08:55 Yan Cui: And you can also implement things like a timeout or for a particular step or for the entire workflow itself. Those things that become really trivial for you to implement. And one of the great things I love about using word for engines like this, this, especially when dealing with something that's more, I guess complicated is I can show that workflow visualization to a business analyst or someone who's nontechnical and they can figure it out, you know, roughly what this thing does and even voice your support team, who otherwise we have to troll through logs and try and ask people, okay, what did this mean when I see this log message for something like step functions, they can just go into the console, look at the visualization for the customer's requests.
09:34 Yan Cui: I think I figured out, okay. Right. So your payment failed because when we try to verify your card number, we have MasterCard, it came back with so and so error.

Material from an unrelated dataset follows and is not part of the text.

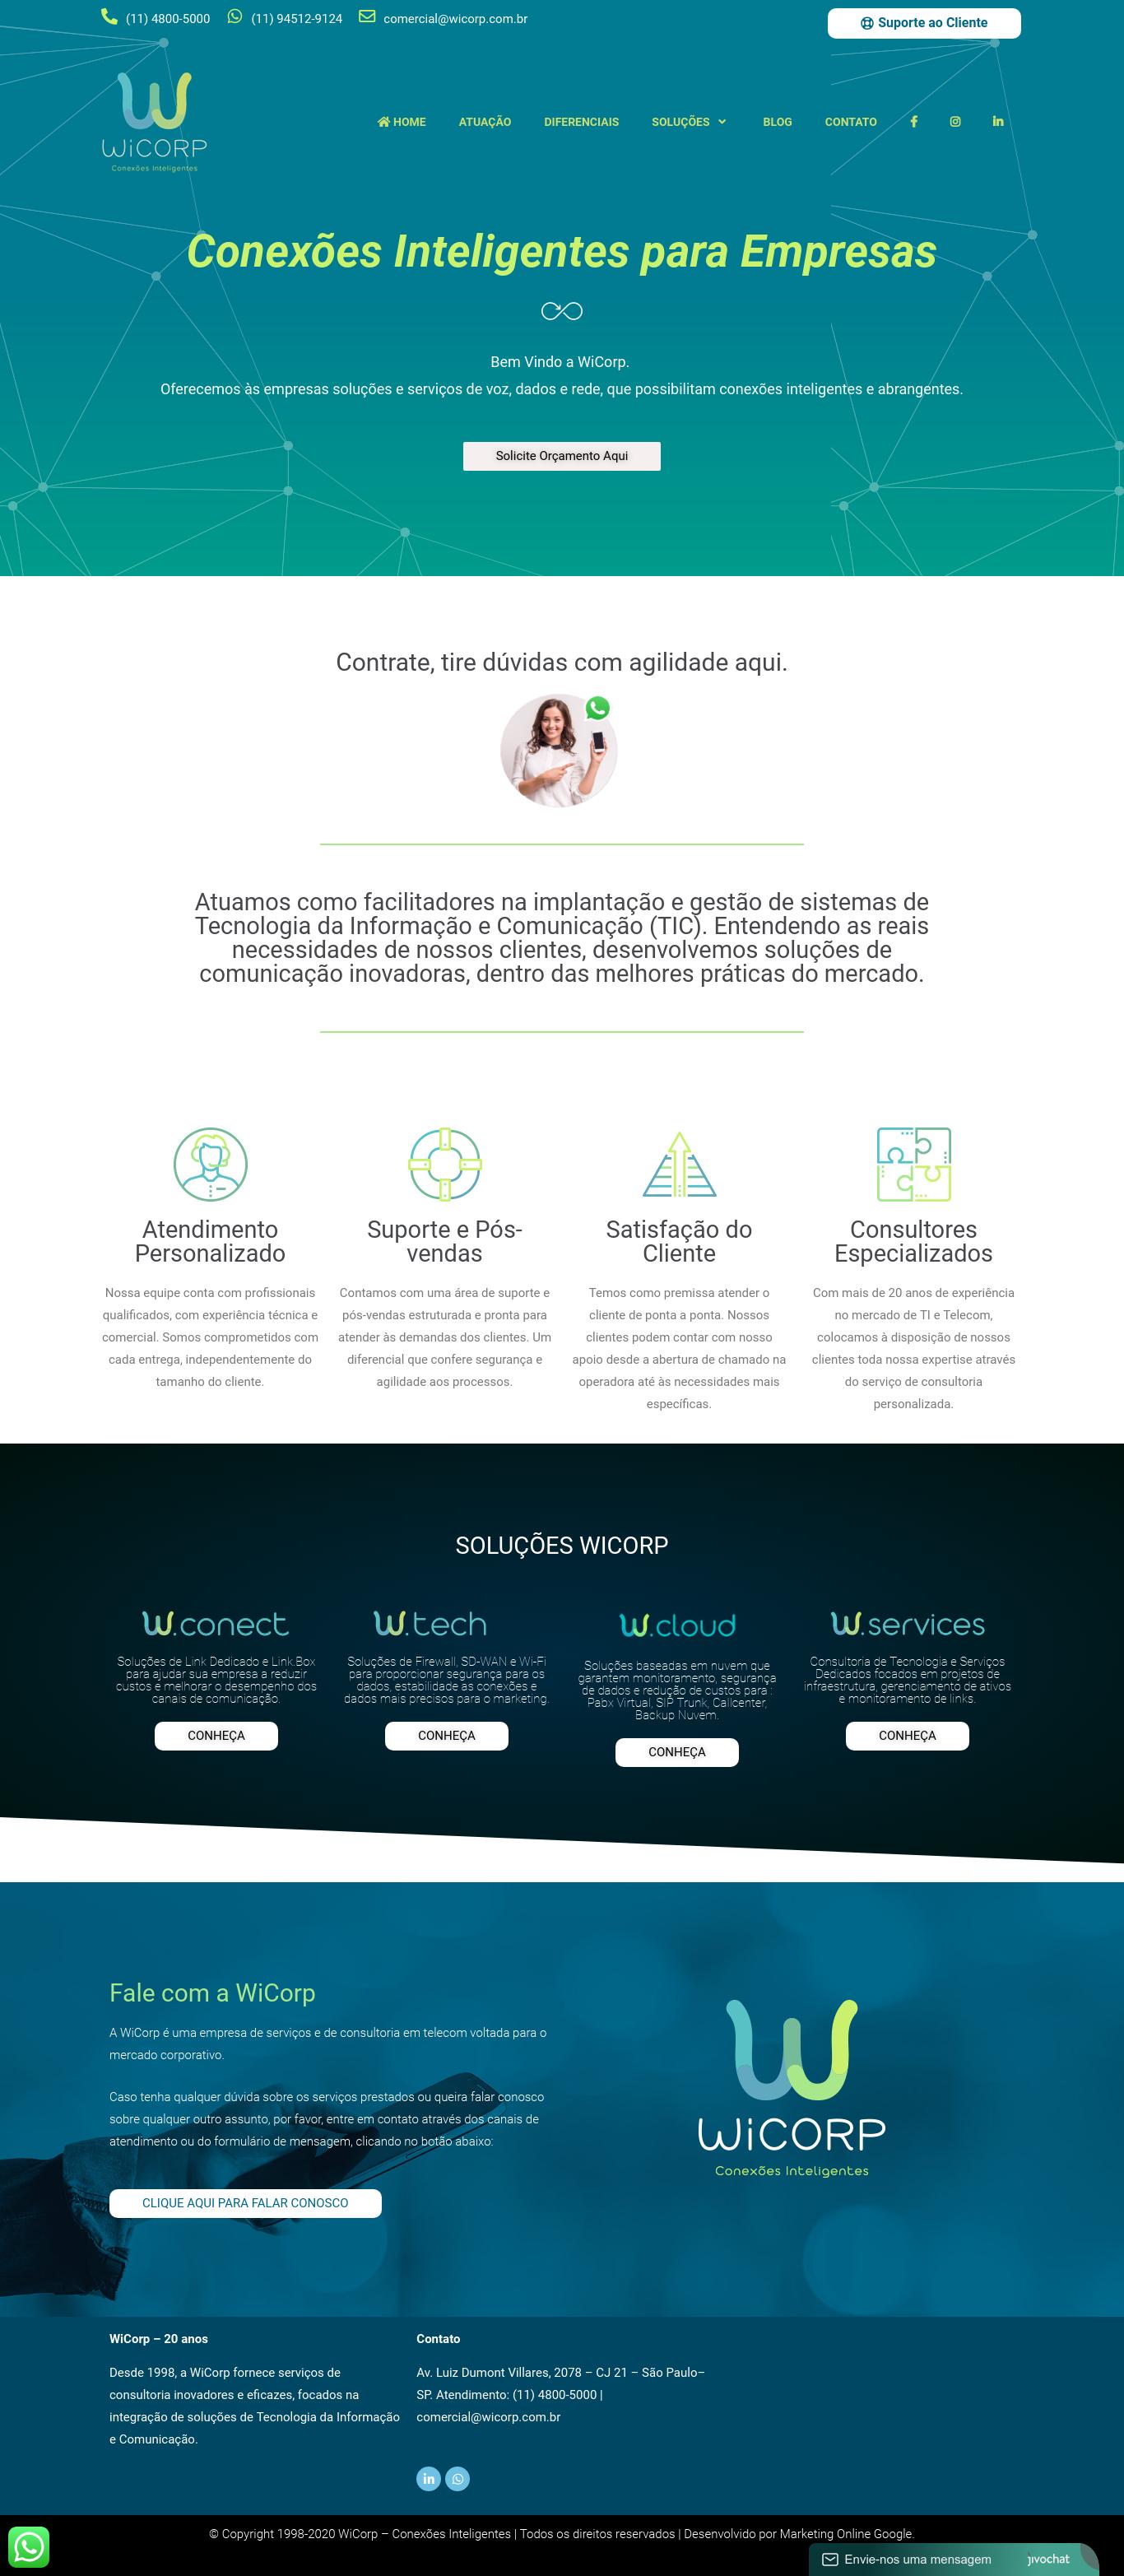 Wicorp - Serviço Corporativo para Pabx na Nuvem, Link dedicado,Firewall, Telecom

09:43 Are step functions a silver bullet?
09:43 Wesley Reisz: So as a step function, a silver bullet, should we just use step functions of everything?
09:48 Yan Cui: No. So it's great for moderating and implementing business workflows, especially if this is critical ones, but there's still a lot of places where you should be using choreography instead, especially when you want to, for example, take the order processing example I'm using. If someone wants to build the promo code example that I mentioned earlier, what we don't want to have, everything that has to do with an order have to be implemented inside this same workflow is that we should still be using events so that inside our workflow, if we are say, save the order in a database, or we change the status of the order, or we may be communicated with MasterCard to confirm the payment card detail. When some state changes happen, we can still emit events from inside the workflow.

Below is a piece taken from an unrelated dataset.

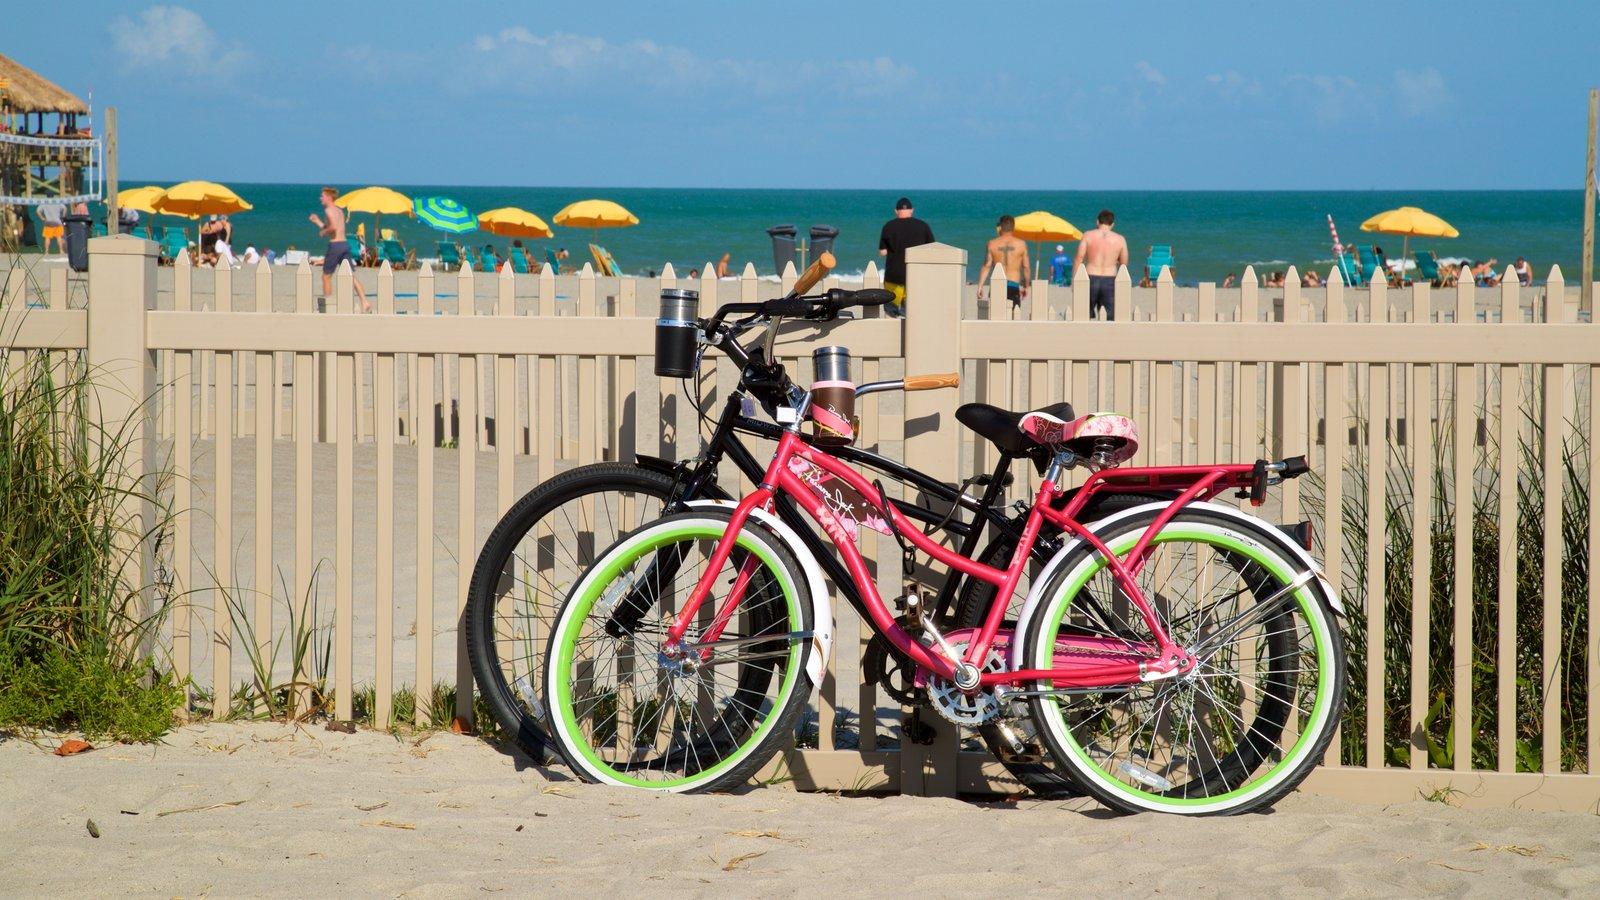 Cocoa Beach featuring a beach and general coastal views

10:33 Yan Cui: And then we can build on top of those events are the microservices that look after different aspects of the business, maybe different business workflows. So you should still be using choreography between this boundary context of microservices or whatever you'd like to call them. But within the microservice where you have, I guess, more control around one particular aspect of the business, at least when it comes to workflows, you should be using something like step functions, you should have some kind of workflow engine that lets you have that orchestration.
11:04 What about with other cloud providers. What are the comparable technologies?
11:04 Wesley Reisz: You keep the logic within the bounded context as a microservice, kind of dictates makes sense. So a lot of the vocabulary that you're using, step functions, is very AWS-centric. What about other cloud providers like Azure and Google cloud functions are the constructs the same there?
11:21 Yan Cui: I think most of them have something similar. So I know, you have Logic Apps, which is, I guess, the like for like step functions in Azure. I'm not sure what's the equivalent in GCP. I think that's like a workflow thing. I forgot the name of that service. But I do remember seeing you before.
11:37 Wesley Reisz: About third party or non-cloud provider provided tools
11:40 Yan Cui: Have lots of other open source tools as well as other third party services. Camunda is a quite nice one as well. I think that you can use it as a service or you can run yourself or you can, I think they've launched a cloud recently a couple months ago if I remember correctly. So there's quite a few other alternative sites you can use. So if you're running your own infrastructure on top of containers or whatnot, then you maybe want to use some of these open source tools where you can have a word engine running on top of Kubernetes or on your own containerized environments.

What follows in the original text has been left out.